Non sarò certo io a lanciare anatemi. Primo, perché ognuno ha i propri legittimi e insindacabili gusti. Mia madre, santa donna, davanti a un piatto di ostriche diceva che le venivano gli urti di vomito. E non vi dico che cosa le ricordassero, perché sarebbe un attentato ai cultori del pregiato mollusco. Personalmente non offritemi carne di cavallo, perché potrei andarmene al galoppo. In compenso ho visto amici di viaggio consumare ragni fritti e cavallette, mentre si sperticavano in lodi compiaciute. Sembravano pesciolini! era il loro commento. Sia come sia, le aziende che hanno dato inizio alla produzione di grilli ormai lavorano a pieno regime, anche in Italia, con tonnellate di innocenti insetti, pronti da cuocere fritti, oppure tostati al forno per essere trasformati in farina.

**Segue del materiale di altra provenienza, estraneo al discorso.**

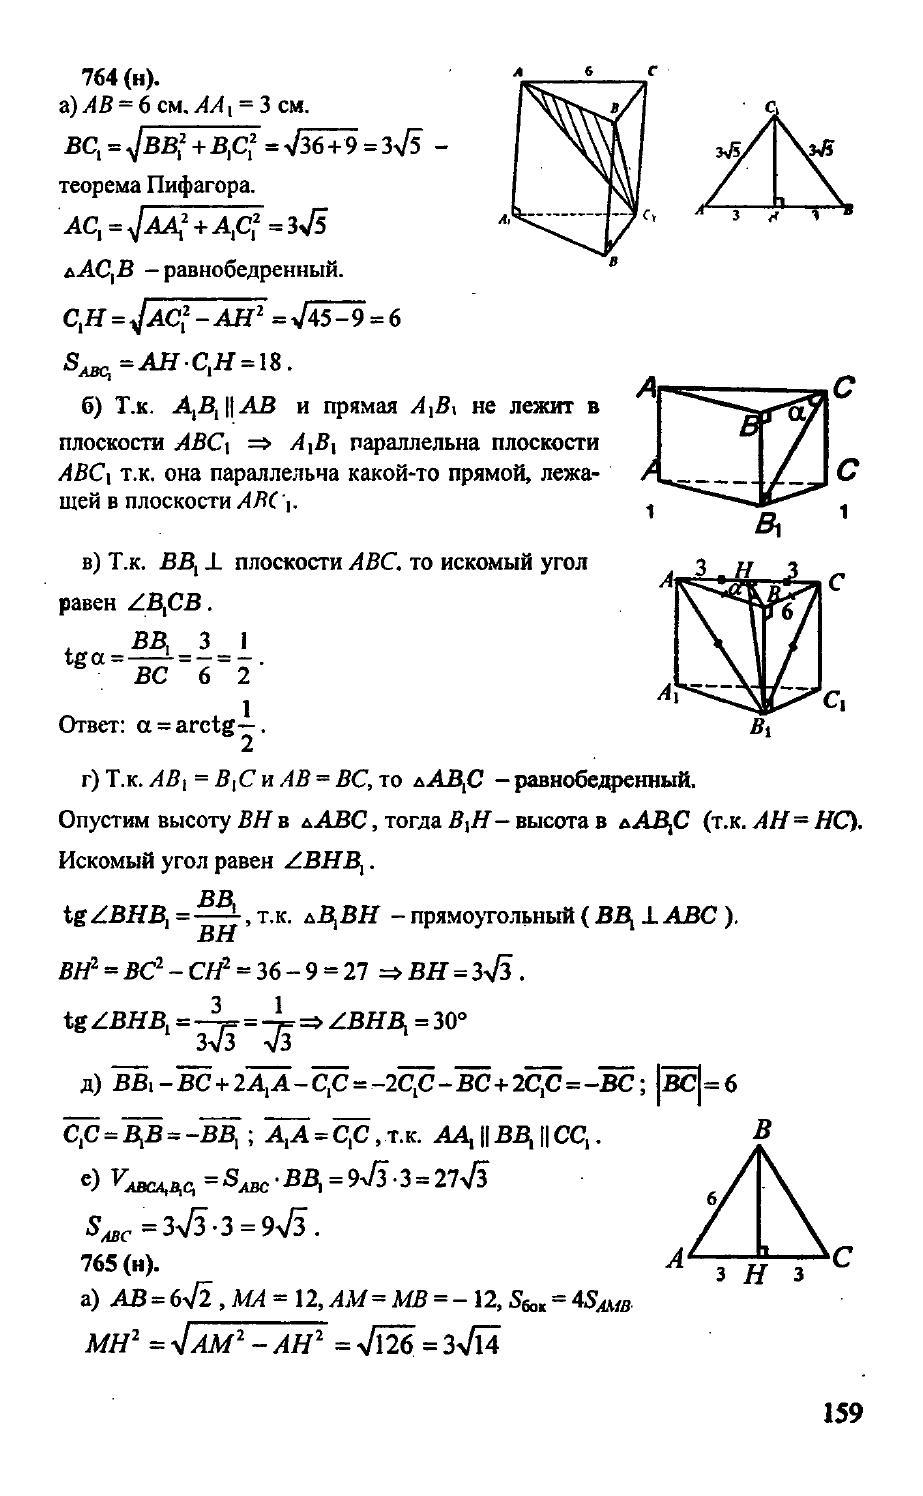 Гдзпо алгебре класс мордкович срочно чтоб только прпечатол

Da usare in tutti gli ambiti. Pane, cracker, grissini, barrette ai cereali, nei biscotti, nei prodotti secchi a base di pasta farcita e non farcita, nelle salse, nei piatti a base di leguminose e di verdure, nella pizza, nei prodotti a base di pasta, nel siero di latte in polvere, nei prodotti sostitutivi della carne, nelle minestre o anche nelle bevande tipo birra, nei prodotti a base di cioccolato, negli snack diversi dalle patatine e nei preparati a base di carne, destinati alla popolazione in generale.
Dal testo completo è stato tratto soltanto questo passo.